Thursday, December 13, 2012

Metropolis, Eight Other Posters Sell for $1.2 million.



* Well-known movie poster collector Ralph DeLuca has won the vaunted three-sheet to "Metropolis" - and eight other rare items - including posters to the "Invisible Man" and "King Kong" - for a record-breaking $1.2 million - in a bankruptcy trustee sale held in Los Angeles today.

* Although the nine items were bundled in a lot - with a minimum $700,000 bid put up in advance by DeLuca - the additional $500,000 he paid for the collection, which had been "cherry-picked" by the bankruptcy trustee as being "subjectively "the most desirable" - gives, in my view - the Madison, New Jersey collector the crown as the #1 movie poster collector in the world.

* Although interviews are being conducted as we speak between Deluca and news organizations including Reuters and The Hollywood Reporter - a delighted DeLuca told me that he outbid Heritage Auctions in Dallas - and two or three other bidders for the collection.

* "I've been saying for years that I'm the #1 poster buyer in America and I proved it," he said. "When it comes down to putting cash on the table - I'm the #1 buyer. I believe in this stuff. I'm into investments - and I believe posters are a hedge against inflation."

* When asked to comment on the approximate value of "Metropolis" - independently of the other items he won, DeLuca said, "Honestly, in my opinion, the (monetary) equivalent to "Metropolis" in the art world - is $100 to $150 million. I believe it's a minimum seven-figure poster - because even if someone had $5 million to spend right now - he or she would NOT be able to find another "Metropolis" available for sale."

* The auction was was part of a Chapter 7 bankruptcy settlement involving collector Ken Schacter of Valencia, California - whereby it was agreed by U.S. authorities that significant handling costs, commission fees and labor/time - could be avoided by bypassing conventional consignors and auction houses - by selling the prize items in Schacter's collection - via a direct sale to the public.

* "This was a great victory," said DeLuca. "It's been something I've been thinking about for months and months. I thought the poster was lost and was going to be given to Heritage (Auctions) to sell (in Dallas). But the bankruptcy trustee came back to me - and I responded by offering a 100% cash offer to start the bidding, while others would not put up more than 25 percent of the collection's estimated value."

* Meawhile, the fate of the remainder of the "known items" in Ken Schacter's prized collection isn't yet known. Schacter may keep the rest of his collection if it is judged that today's sale resolves all legal fees, as well as real and punitive damages accrued thus far. If not, the remainder of his collection could also be sold - with less fanfare and by more conventional means, e.g., via an auction house.
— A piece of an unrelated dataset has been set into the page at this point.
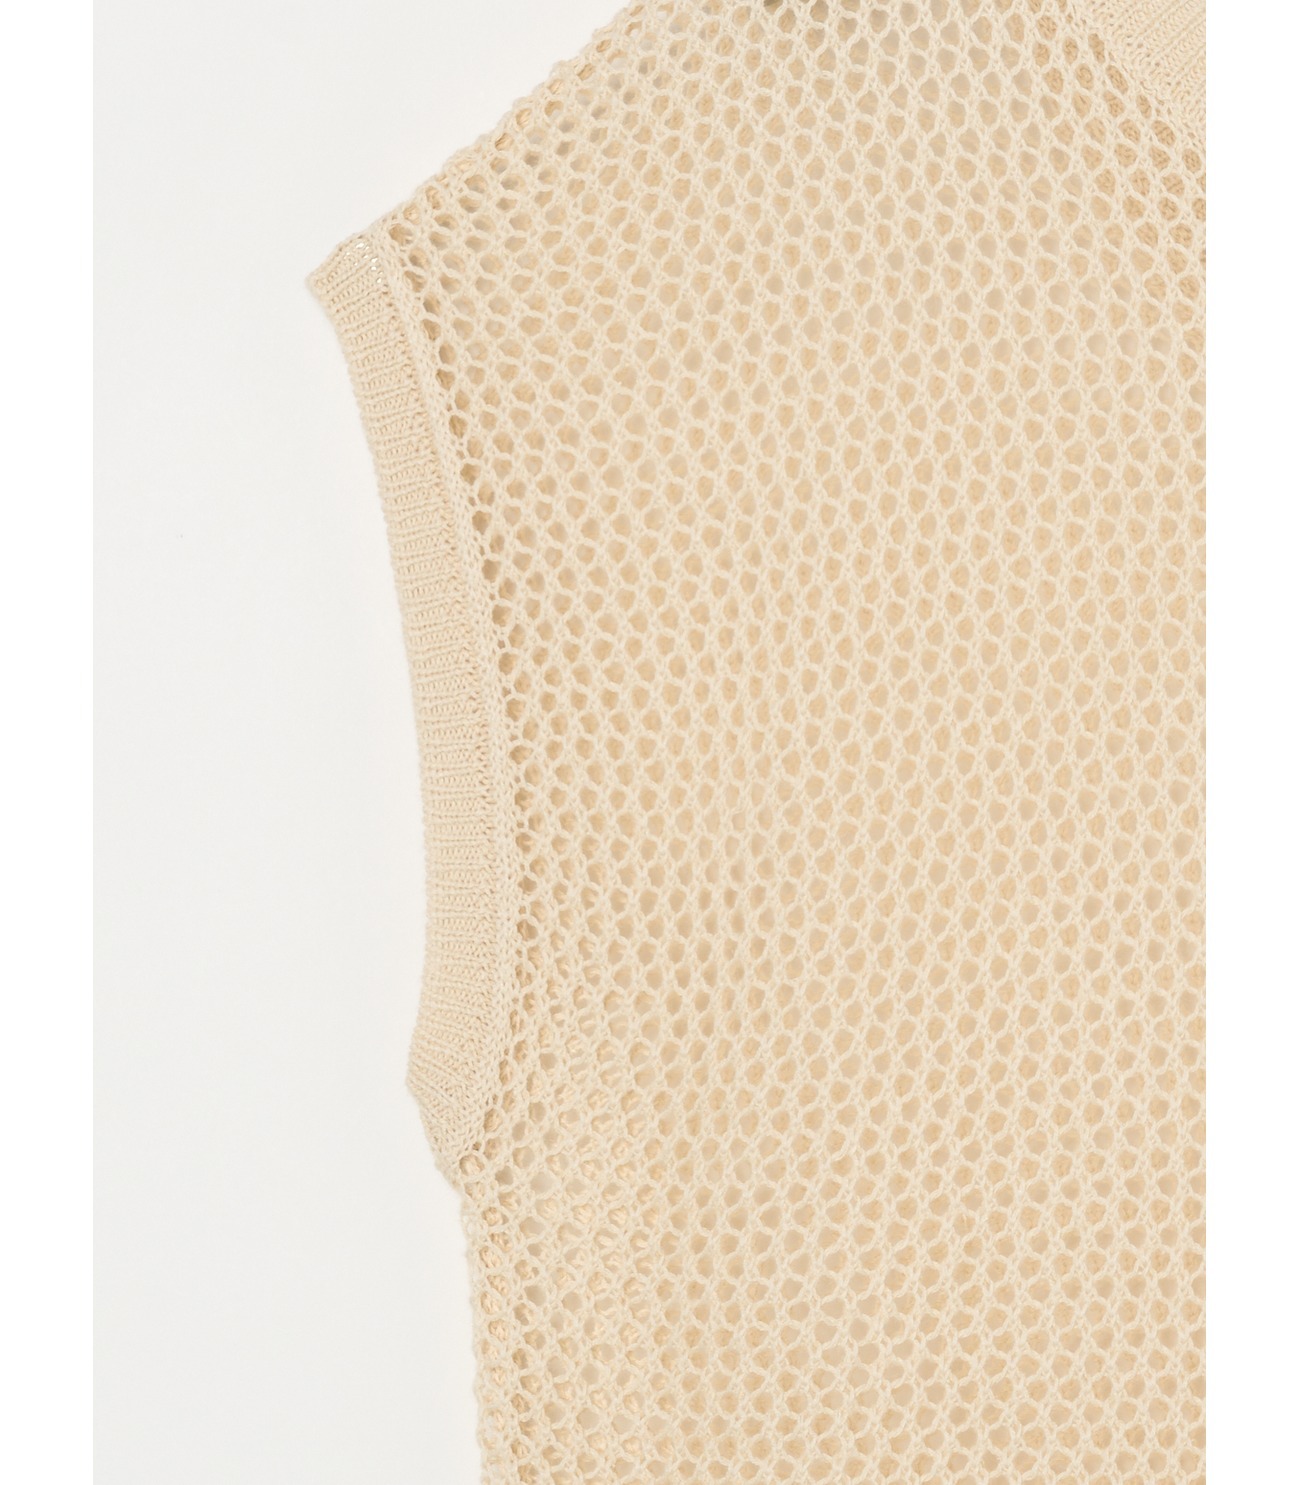 Cotton linen mesh s/s top 詳細画像 beige 3

* The U.S. Bankruptcy Court's actions - which took place throughout 2012 in Los Angeles - were the result of collector's Ken Schacter decision to declare Chapter 11 bankruptcy - to avoid re-paying a loan - said to be in the neighborhood of $500,000 and $600,000 - owed to Los Angeles investor Robert Mannheim.


* After "Metropolis" surfaced "for sale" for $850,000 on a movie sales website based in North Carolina (Movie Poster Exchange, owned by collector-investor-entrepreneurs Sean Linkenback and Peter Contarino) - Mr. Mannheim, reading forum postings on the Internet and news stories published in The Hollywood Reporter, The London Guardian and other news organizations in early 2012 - had the proof he needed - which he'd long suspected - that Mr. Schacter had been illegally shielding and selling valuable assets to avoid re-paying his loan - to the detriment of himself, to the memory of his late wife's estate and to his surviving daughter. This transformed the Chapter 11 proceeding (asset restructuring) to a Chapter 7 proceeding (asset liquidation).
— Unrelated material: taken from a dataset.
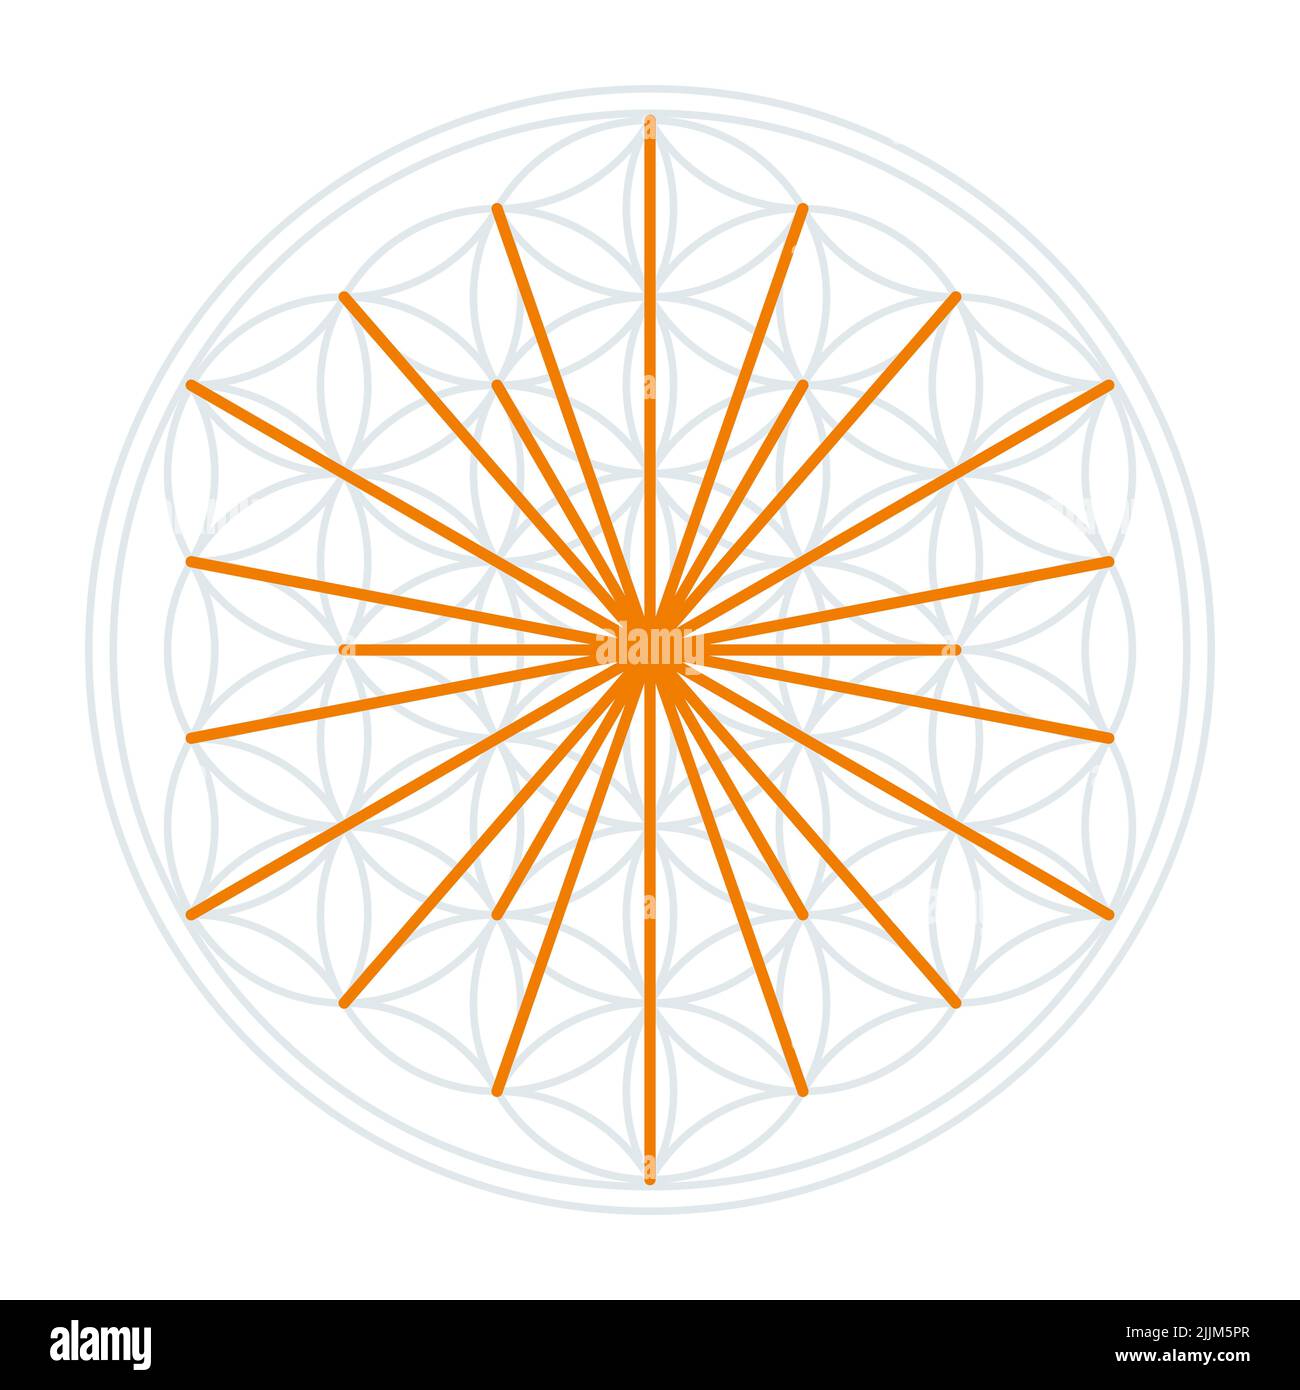 Sonnensymbol in der Blume des Lebens. Orangefarbene Linien, die die Sonnenstrahlen symbolisieren, abgeleitet von den Schnittpunkten überlappender Kreise. Stockfoto

* Ironically, Mr. Schacter was an early "business partner" of Movie Poster Exchange before the enterprise debuted this year - amid great publicity over the availability of Schacter's "Metropolis" poster for $850,000 - which had been acquired by Schacter in 2005 for the then astronomical sum of $690,000.

* After weeks of public silence from Movie Poster Exchange about the sudden disappearance of "Metropolis" from its website - co-owner Sean Linkenback - on May 4, 2012 - publicly detailed how Schacter's "Metropolis" came to him: "Ken (Schacter) later approached us about featuring the Metropolis poster on our website during our launch, and (co-owner) Peter (Contarino) was actually opposed to this, feeling correctly that we have built a sound business model and a fantastic site that will be able to stand on its own. But the price was reasonable based on its prior sale and it did allow us to take advantage of some publicity opportunities we may not have had otherwise, so Peter relented and we did spotlight the poster."

* In the end, a relieved DeLuca told me. "I'm absolutely thrilled with what happened. This was the highlight of my collecting year and I eagerly await for a phone call for the next batch of posters someone wants to sell."